Вяземский мрачно потер лоб.

— Да, слова купца… надо бы его самого сюда. Чтобы подтвердил. Его свидетельство против князя будет весомым.

— Попробуйте его найти. Только, боюсь, с этим будут проблемы, — сказал я.

Вяземский дернул шнурок звонка. Вошедшему дворецкому он отдал короткий приказ:

— Послать немедленно к дому купца Ерофеева. Узнать, где он. Доставить сюда.

Ожидание было недолгим. Через полчаса посыльный вернулся, бледный и растерянный.

— Беда, Степан Андреевич, — доложил он. — Дом пуст. Соседи говорят, Василий Захарович еще третьего дня, после визита к князю, в спешке ускакал из города. Один, без семьи, без вещей. А сегодня утром… — он сглотнул, — сегодня утром в его контору явились люди от князя Голицына с дарственной. Все имущество купца — дом, заводы, лавки — отныне принадлежит его сиятельству. Говорят, мол, добровольно подарено.

В кабинете повисла тяжелая, звенящая тишина. Идея о том, что сквалыга-купец добровольно отпишет кому-то имущество, была столь смехотворной, что предлагать эту версию было просто верхом неприкрытого цинизма.

Вяземский медленно поднялся. Я видел, как в его глазах разгорается холодная, расчетливая ярость. Это было уже не просто нападение на какого-то колдуна. Это был прямой вызов — ему, Вяземскому, хозяину этого уезда. Столичный щенок на его земле, на его глазах, творил полный беспредел — отжимал собственность, засылал поджигателей, саботировал проект государственной важности.

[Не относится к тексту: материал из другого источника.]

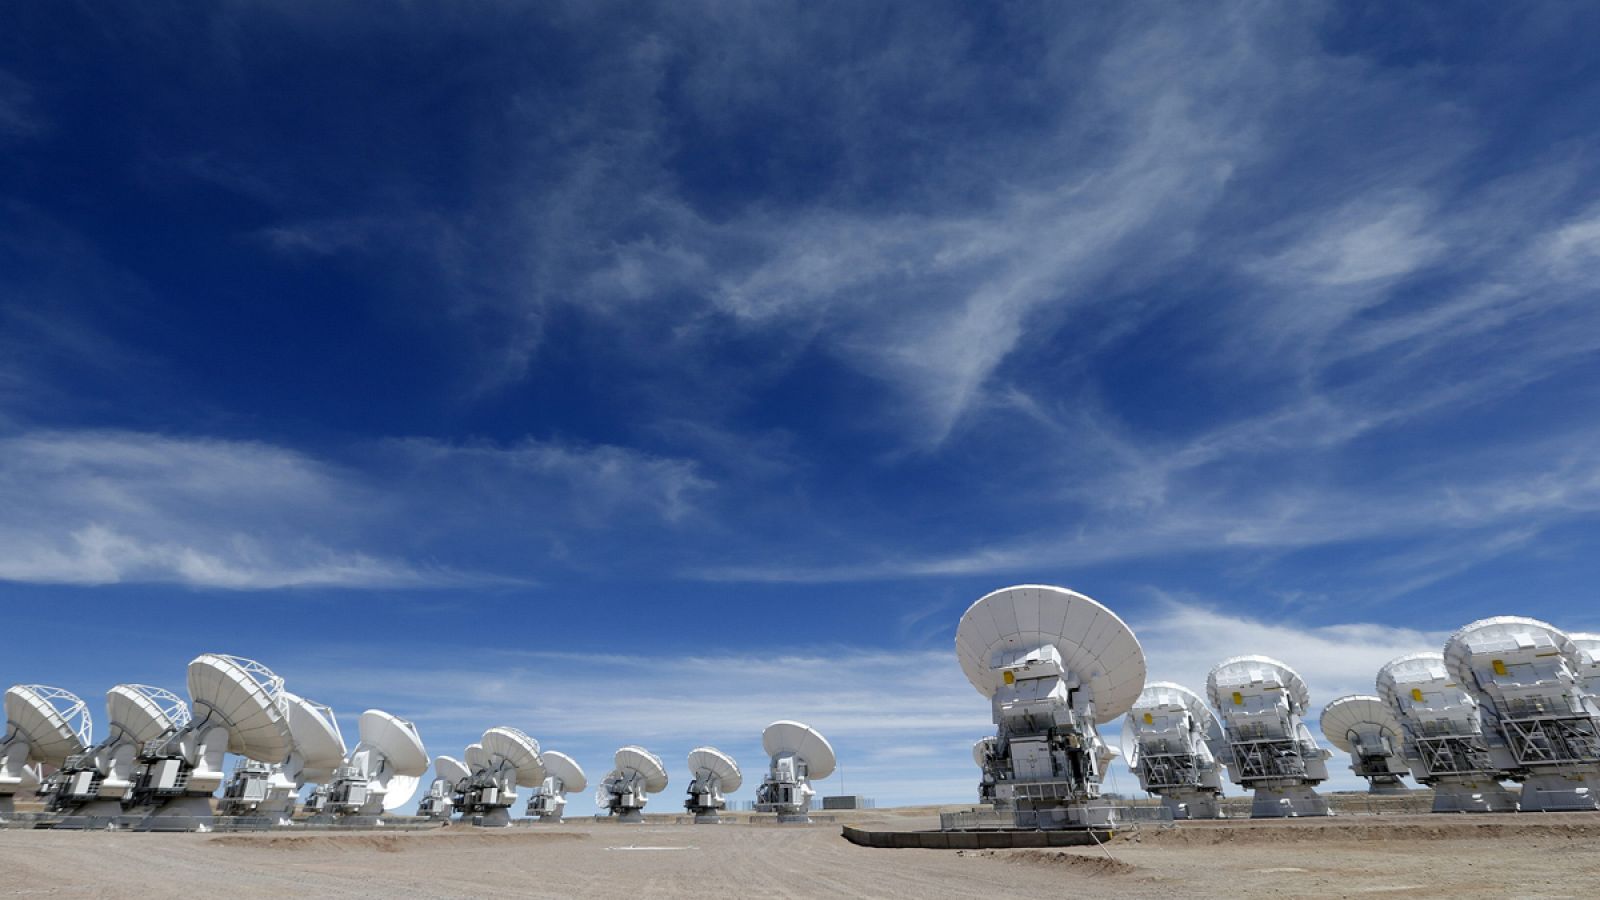 Vista general del conjunto de antenas radiotelescópicas que forman parte del Atacama Large Milimeter Array (ALMA).

— Хорошо, — произнес он глухо, и я понял, что Голицын доигрался. — Разбуди начальника полиции. И возьми с собой пяток самых крепких стражников. Мы едем к князю. Наносить визит вежливости.

Он посмотрел на меня.

— А ты, Михаил, поедешь с нами. Кажется, твоя… специфическая чувствительность… может нам сегодня очень пригодиться.

* * *

Особняк, который снимал Голицын, казалось, одним только видом внушал мысль о респектабельности его обладателя. Но на нас это не подействовало. Вяземский, чья ярость превратила его из кряжистого промышленника в разъяренного медведя, не стал дожидаться, пока лакей откроет дверь. Он просто кивнул своим гайдукам, и старый дуб с жалобным треском вылетел из петель. Мы ворвались внутрь, в тишину и полумрак, сопровождаемые лязгом оружия пятерых стражников.

Князя мы застали в его кабинете. Он сидел в глубоком вольтеровском кресле, в халате из темно-зеленого шелка, с бокалом вина в руке. В камине тлели угли. На его тонком, породистом лице не отразилось ни удивления, ни страха. Лишь ленивое, брезгливое раздражение, как у аристократа, чей уединенный вечер с книгой прервала ворвавшаяся в дом пьяная чернь.

— Степан Андреевич, — протянул он, изящно отставив бокал. Его голос был спокоен, но в нем звенела сталь. — Вы, кажется, забыли о приличиях. Врываться в дом дворянина вот так вот, без доклада… это дурной тон. Даже для Урала.

— К черту тон, князь! — прорычал Вяземский, тяжело ступая по персидскому ковру. Его лицо было багровым от гнева. — Ваши игры закончились! Ваши люди, — он ткнул пальцем в мою сторону, — пытались сжечь дом этого человека, саботируя тем самым дело государственной важности! Это пахнет изменой! И мы еще поговорим насчет захвата собственности купца Ерофеева!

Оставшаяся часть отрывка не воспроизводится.